No, this was happening. Pop was a mechanical engineer who had worked for a rocket booster company. A rocket engineer. Wow. She could hardly fathom that. Then again, she could look back on their previous conversations and it made sense.

But what happened? “Why isn’t Pop still a rocket engineer? Why didn’t he stay working with Resonant Solutions?”

“Well, one thing, it was absorbed by Advanced Technologies,” Cole whispered over her shoulder. She hadn’t known he’d come back. “So that also connects him to Jim Jordan, the COO of Advanced Technologies, with whom he had lunch.”
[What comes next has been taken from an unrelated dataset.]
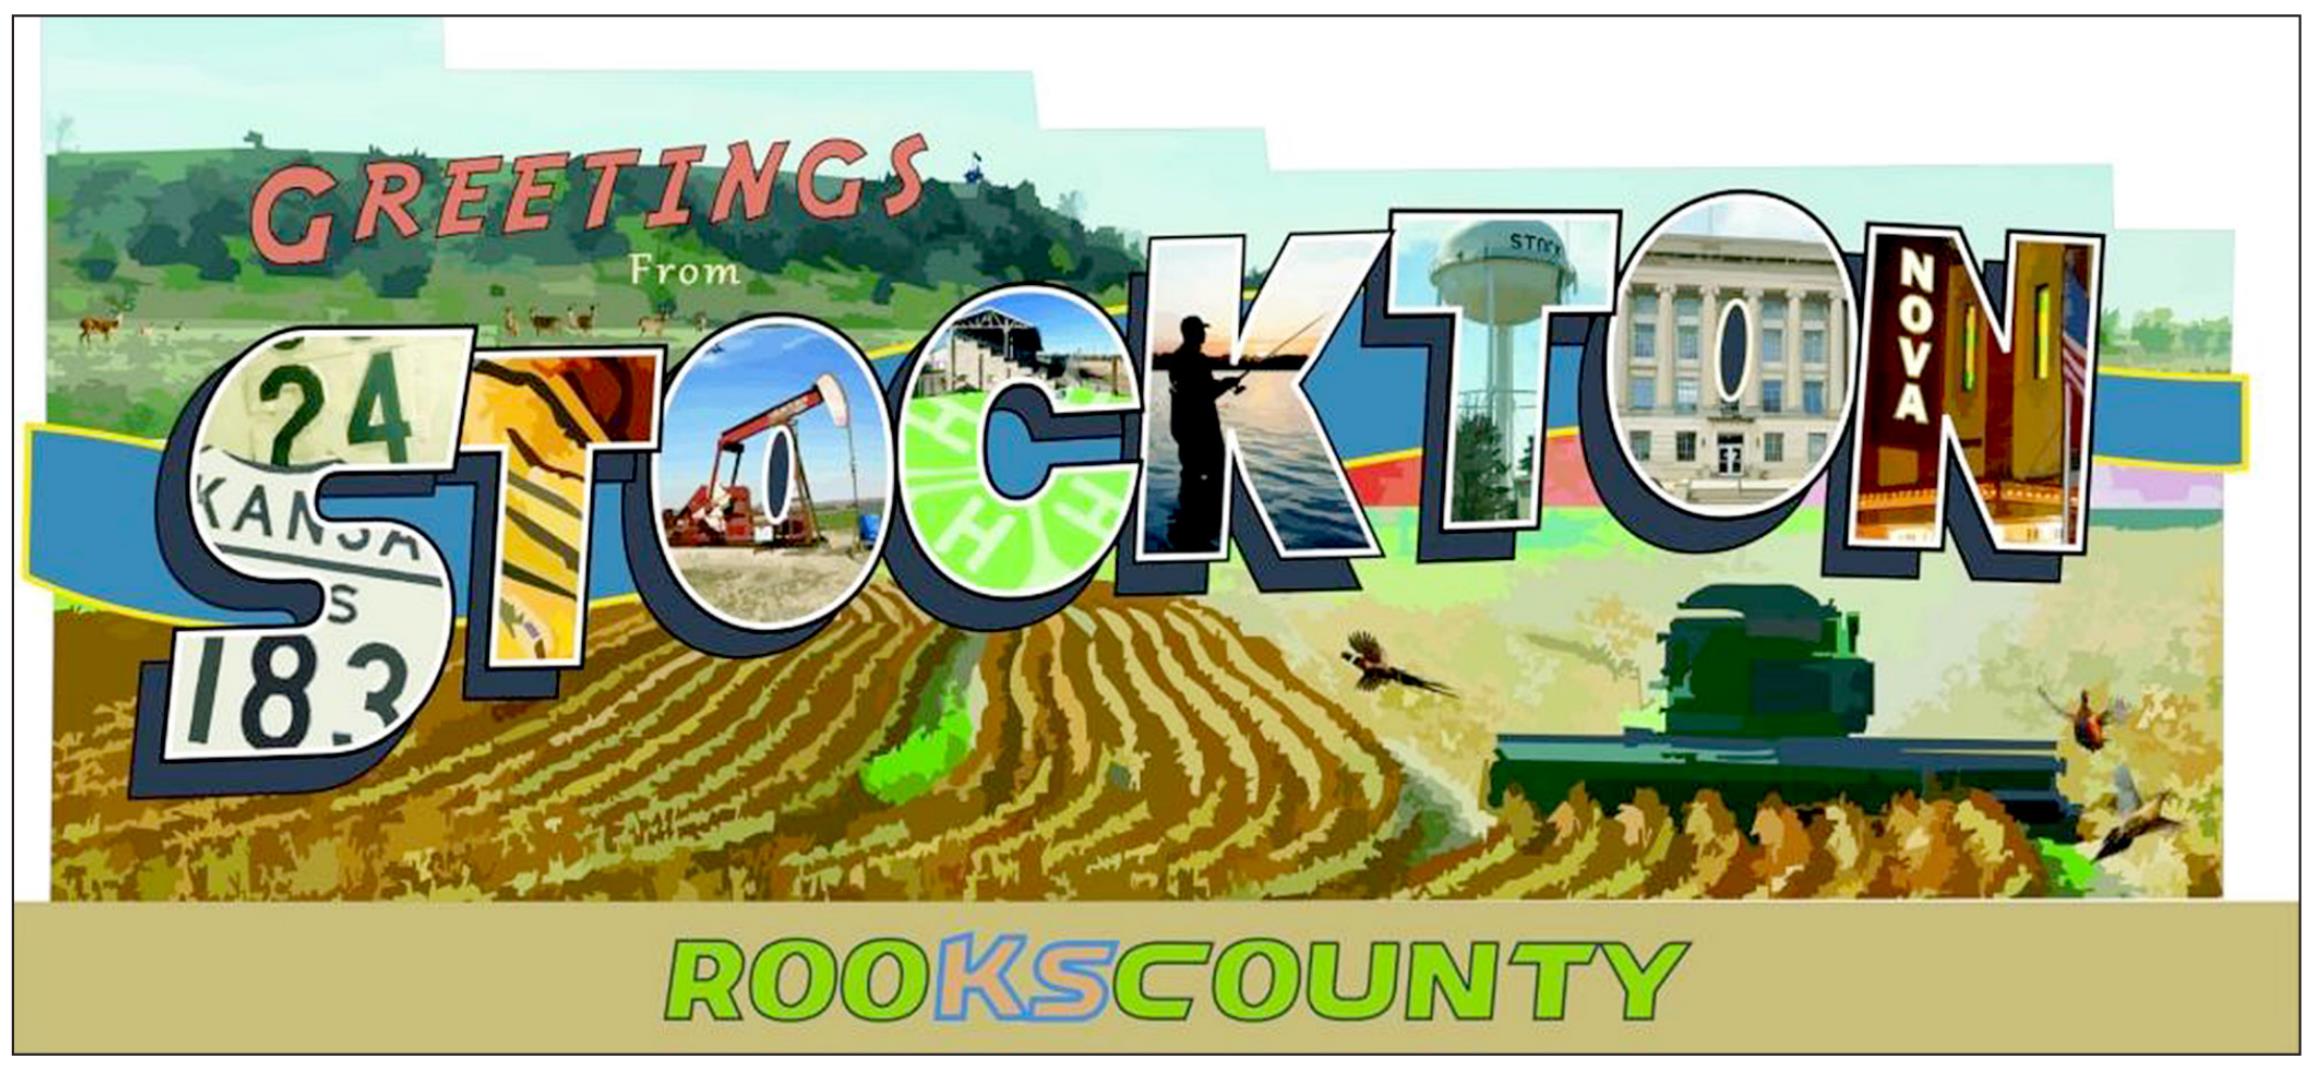 NOSTALGIC POSTCARD — The artist’s illustration of a large mural shows each letter of STOCKTON depicting various icons and images of our life in Rooks County. This mural will be painted on the bare wall at the intersection of U.S. Highways 183 and 24. The wall, owned by Ron Gallaway, is a “blank canvas” just waiting for a colorful greeting! This mural is a project of RoCo Arts Council, Inc.
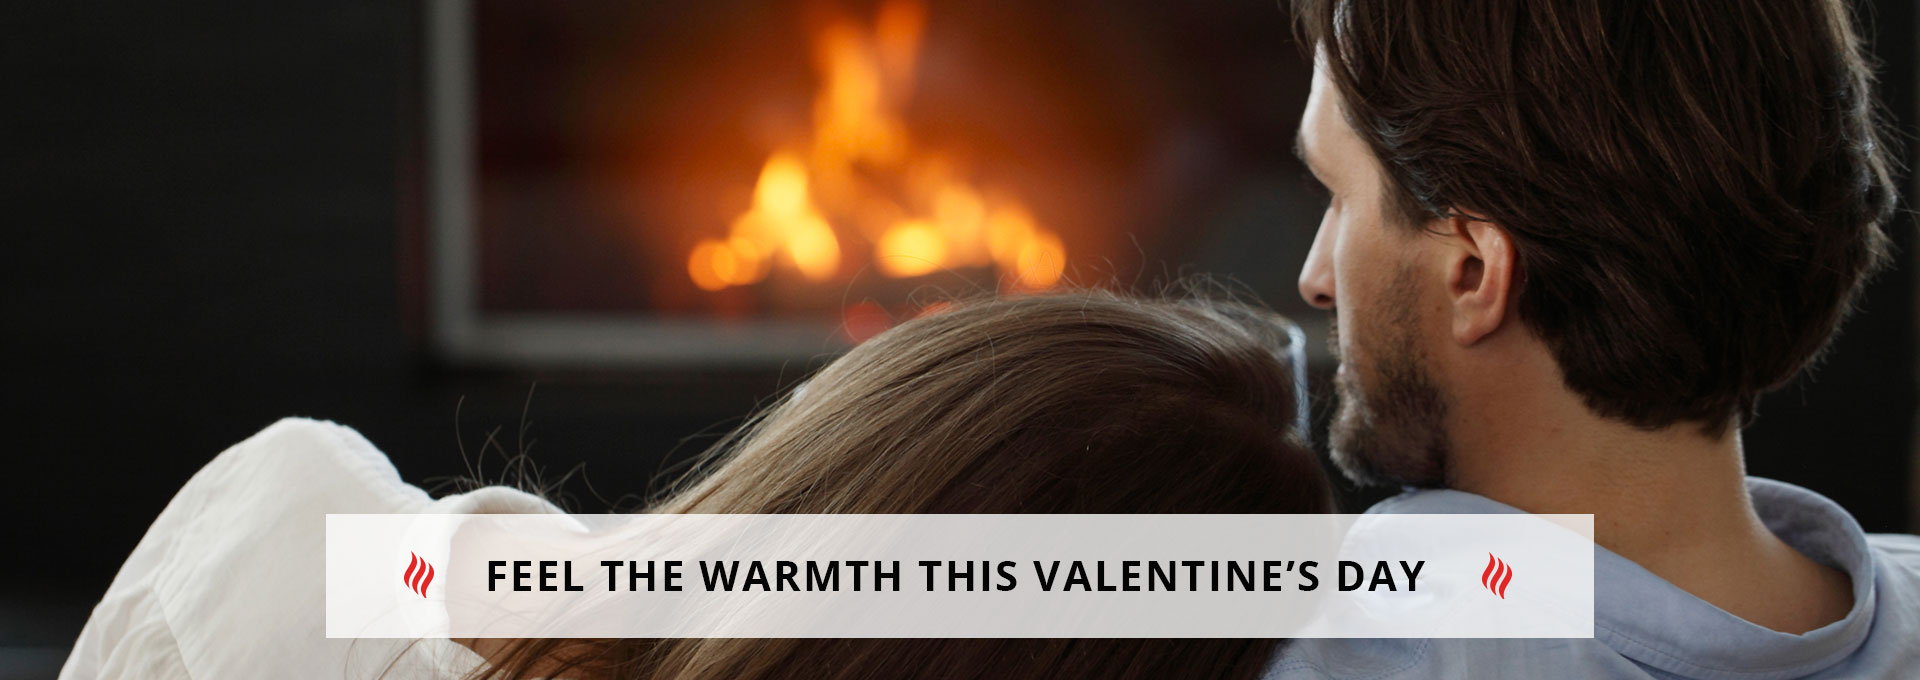 Feel the Warmth this Valentine’s Day

“What are you doing?” she asked.

“Checking in.”

“Look at this article. This is everything. Pop worked with Mason Hyde for a decade in structural mechanics.” Her throat closed off completely.

“Space Shuttle Solid Rocket Motor Project.” Cole scrolled to the bottom of the article. “Look. The Liberty orbiter is in this picture.”

“Resonant was one of the many NASA contractors,” she said. “The Liberty , just one of several orbiters, including Enterprise , Columbia , Challenger , Discovery , Atlantis , and Endeavour .”

“Where did I see the Liberty before?”

“In the museum. We literally just read about the Liberty disaster that happened in 1995, almost ten years after the Challenger in 1986, and eight years before the Columbia tragedy.”

Oh ... she pressed her hand over her mouth.

He worked on the NASA contract. She couldn’t breathe.

“Thirty years. This is it, then. If we’re looking for an incident, something that happened before , the Liberty disaster could be the incident we’re looking for.

” Pop was there with the company, and then bam, the Liberty malfunctioned, exploded, killing six astronauts.

He started a new life in Forestview. Less than a year after the incident, Jo was born in Michigan.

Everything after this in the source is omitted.